I do not find that these supporting declarations sufficiently establish a common economic or representative interest among each Industry Group’s members, unrelated to the health plans. While the supporting declarations assert that the Industry Groups had access to, engaged in, participated in or sponsored certain educational and training programs, plaintiffs provide no documentation to establish who actually planned, attended or participated in the events. Further, the supporting declarations do not describe how employer members are solicited, who participates in each Industry Group, or how often the group meets or for what purpose.

Likewise, plaintiffs present no evidence regarding the processes by which the Industry Groups were formed, and plaintiffs give scant information regarding the powers, privileges and rights of employer-members, aside from the right to participate in the sponsored health plan. Finally, as with Associated Industries, plaintiffs do not provide adequate evidence to show that the members of the Industry Groups control the Health Benefit Trusts, in form and in substance. [at 12]

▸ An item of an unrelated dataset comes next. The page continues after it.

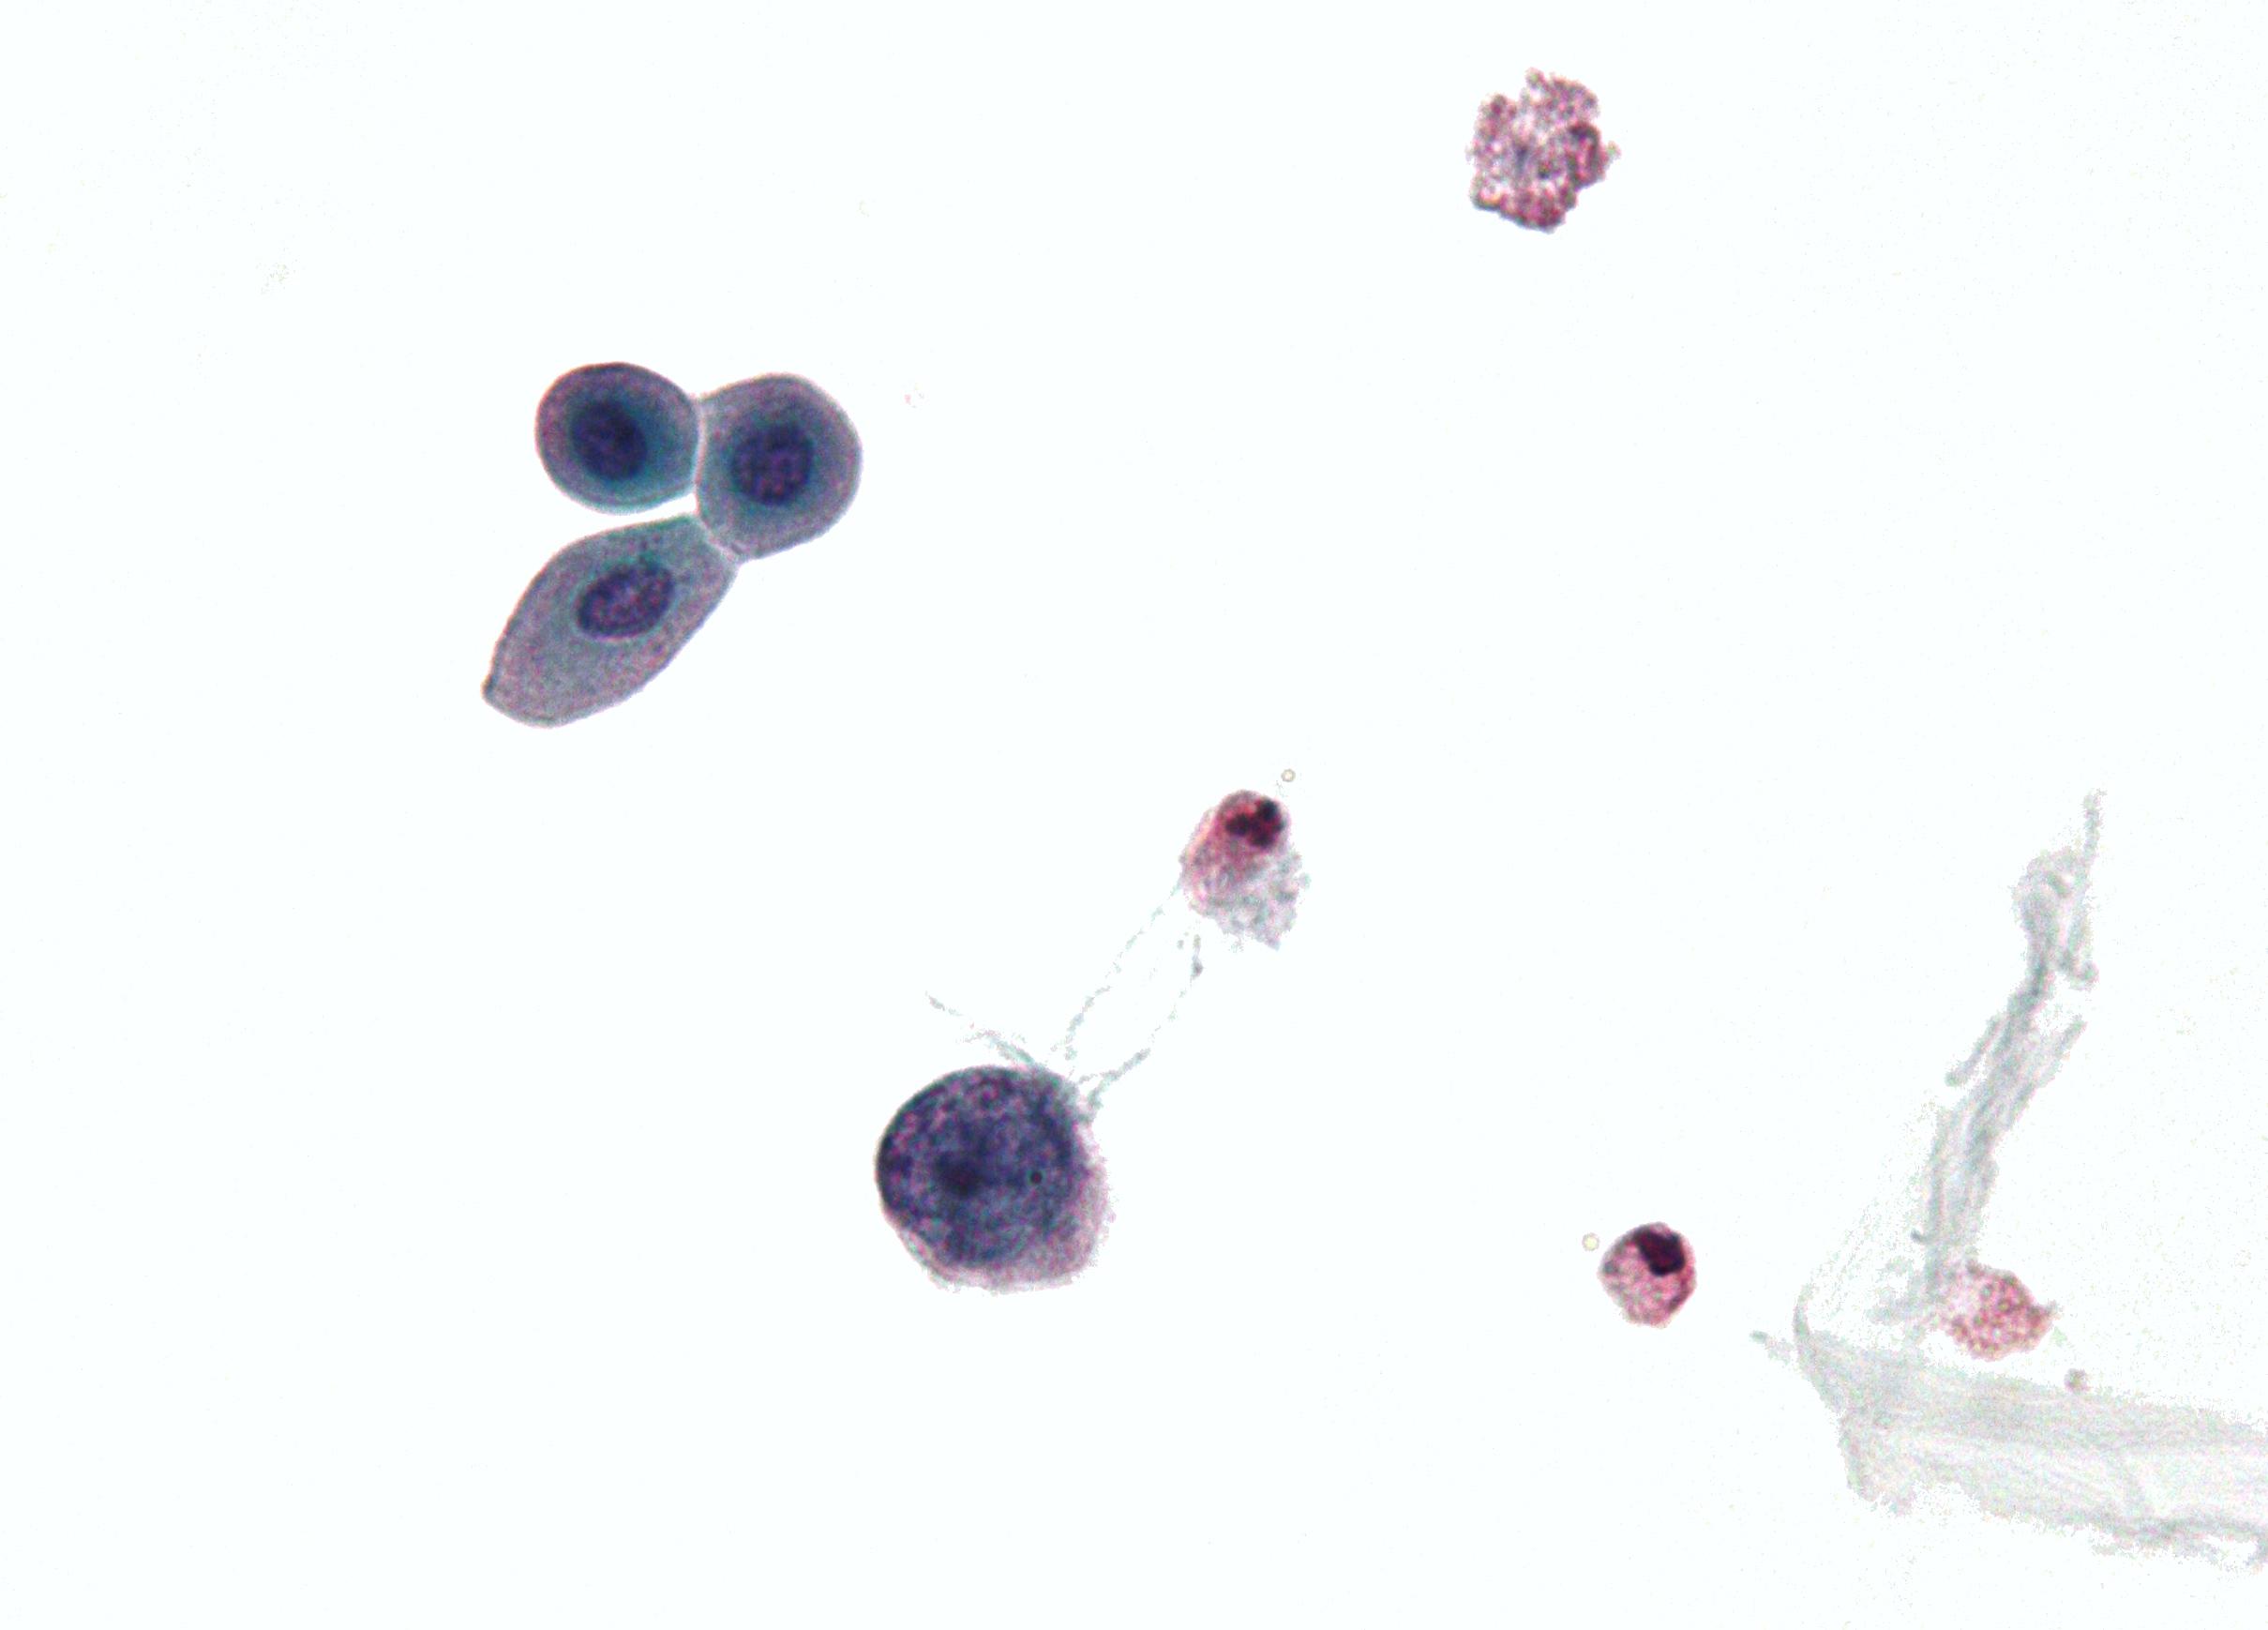 Poate fi prostatita papilomavirus uman

If the judge weighed information provided by association counsel concerning the Oregon Insurance Commissioner’s approval of the Bend Chamber plans or the Washington Insurance Commissioner’s loss in an administrative appeal of AHP rates, the actions of the insurance departments did not seem to matter to the opinion.

I wonder how the Seattle federal judge will view his pending case given nearly the same facts, circumstances and record. I’m sure it will be resolved by the time I get back from vacation. Right?